THE PROBLEM: All the lines below need retyping exactly, apart from the images.

SUPPLIED DATA:
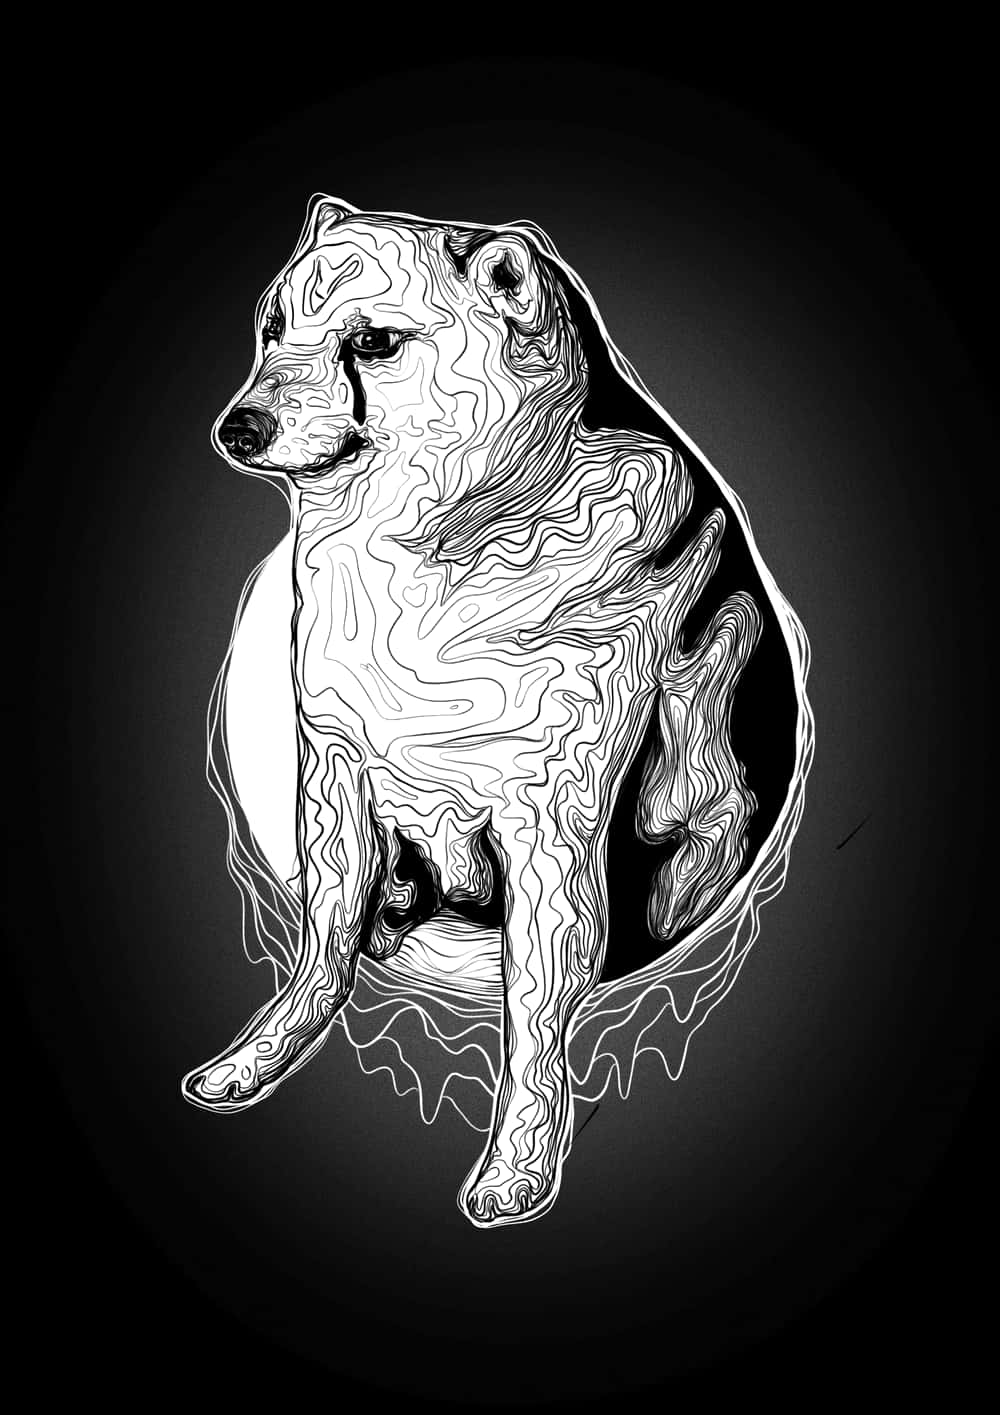 Ensvartvit Teckning Av En Hund Som Sitter På En Svart Bakgrund Wallpaper
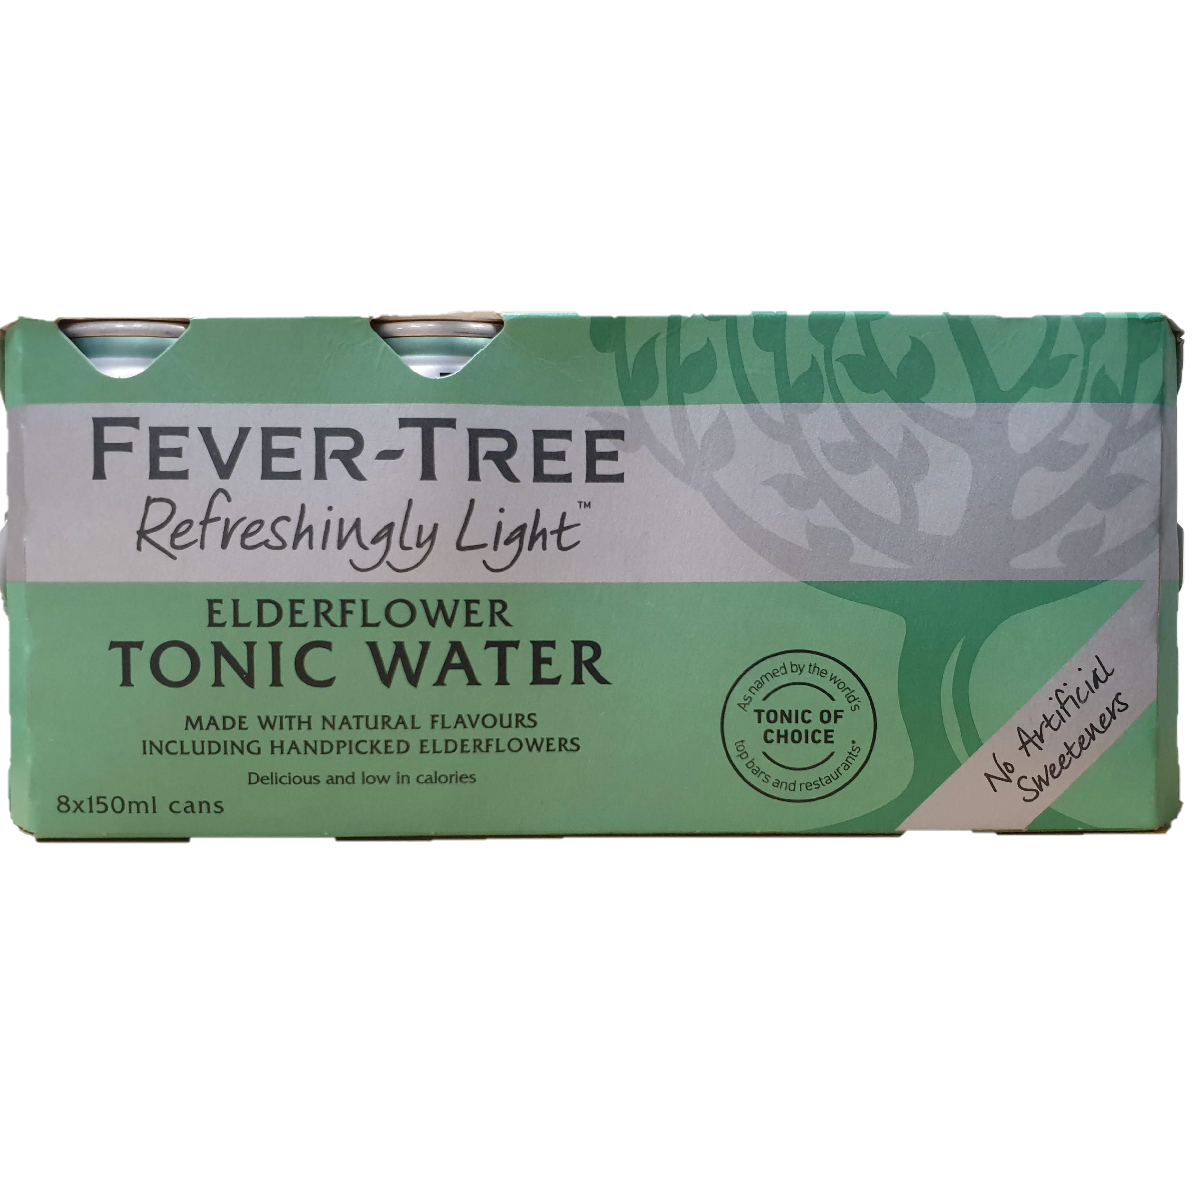 Fever-Tree Elderflower Tonic Water 8x150ml
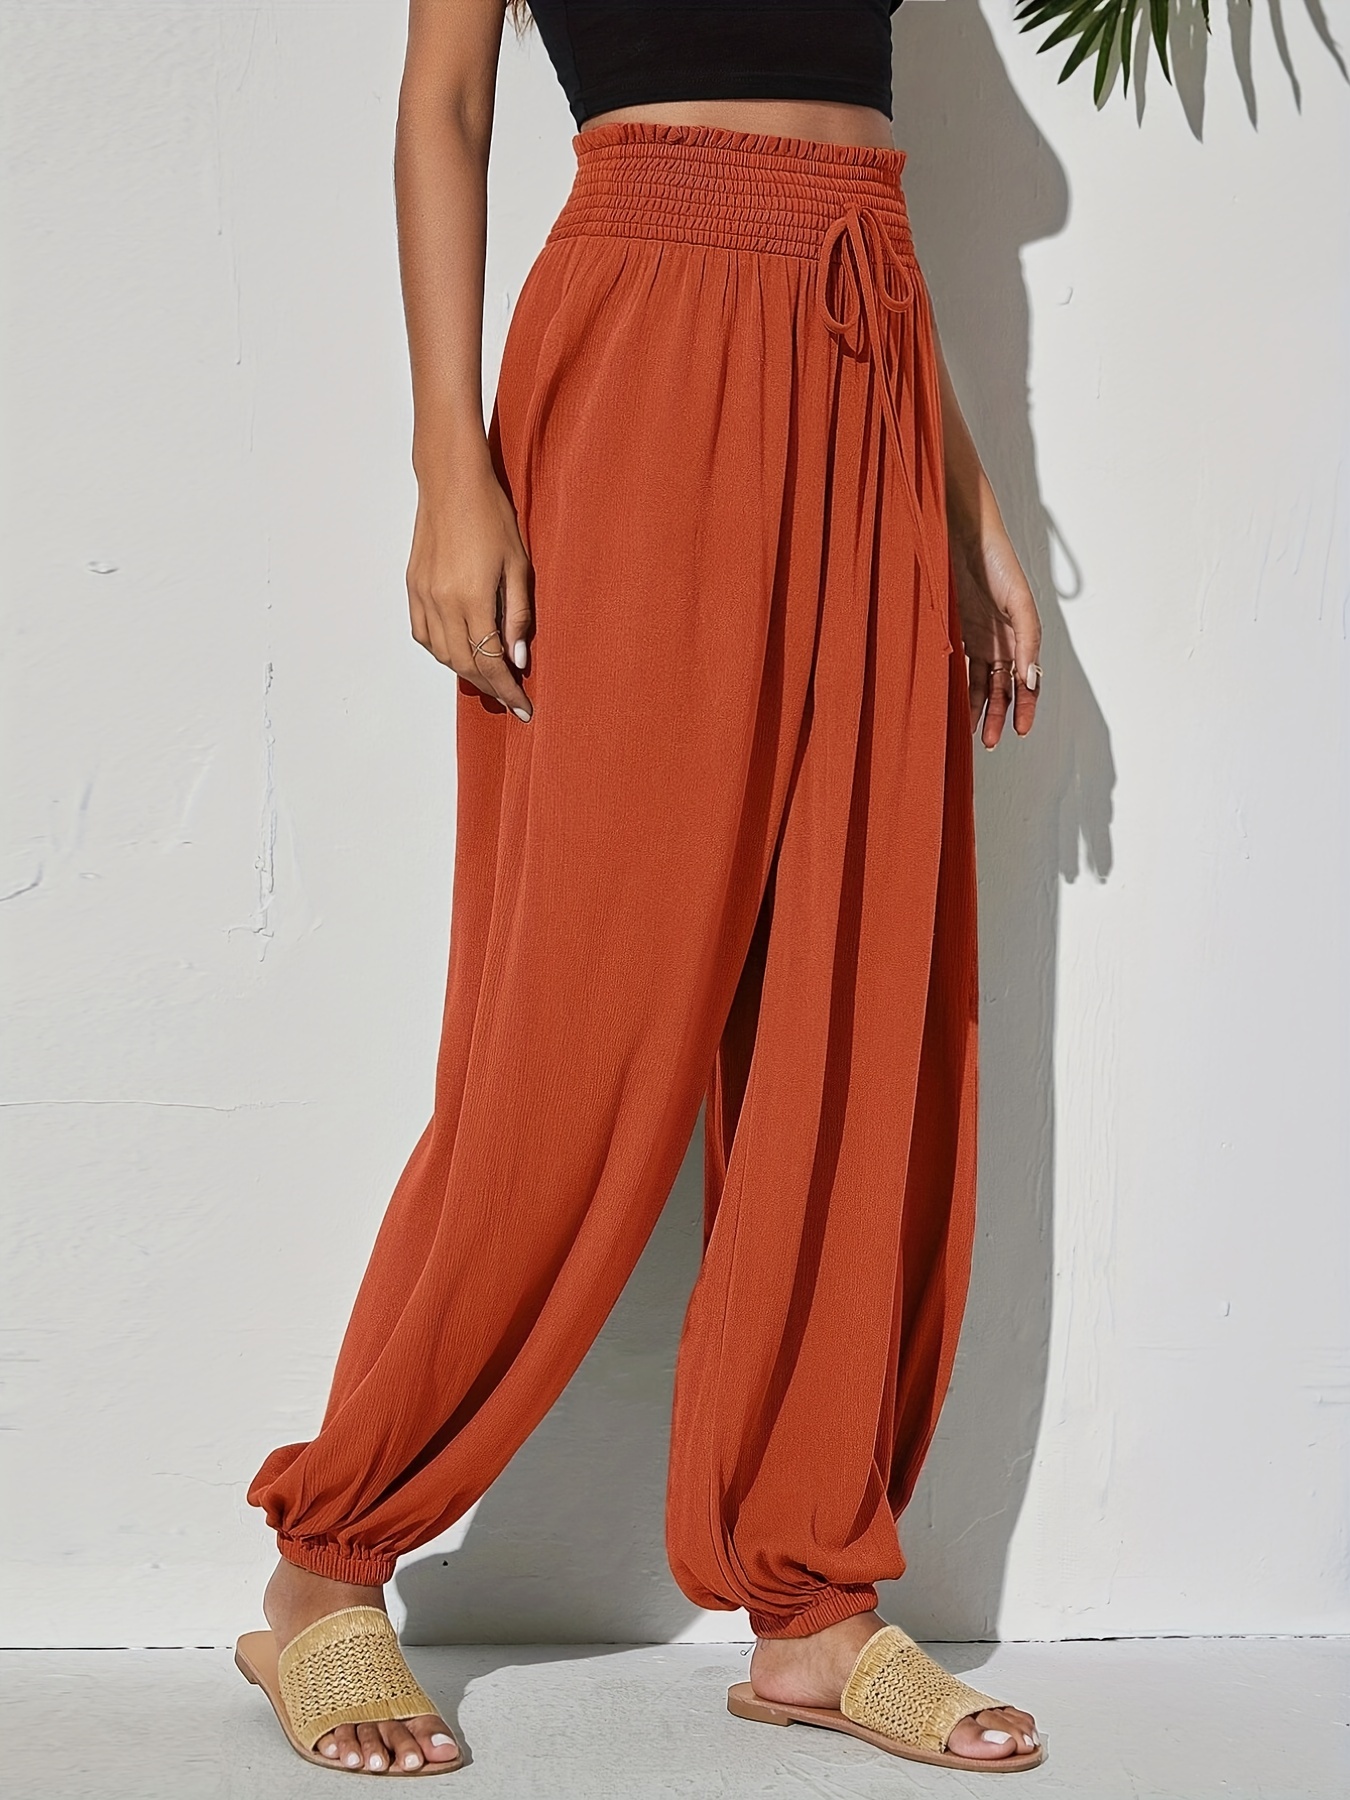 Orange 100% Silk Womens Pants Elastic Waist Drawstring Style

OUTPUT:
 Ensvartvit Teckning Av En Hund Som Sitter På En Svart Bakgrund Wallpaper
 Fever-Tree Elderflower Tonic Water 8x150ml
 Orange 100% Silk Womens Pants Elastic Waist Drawstring Style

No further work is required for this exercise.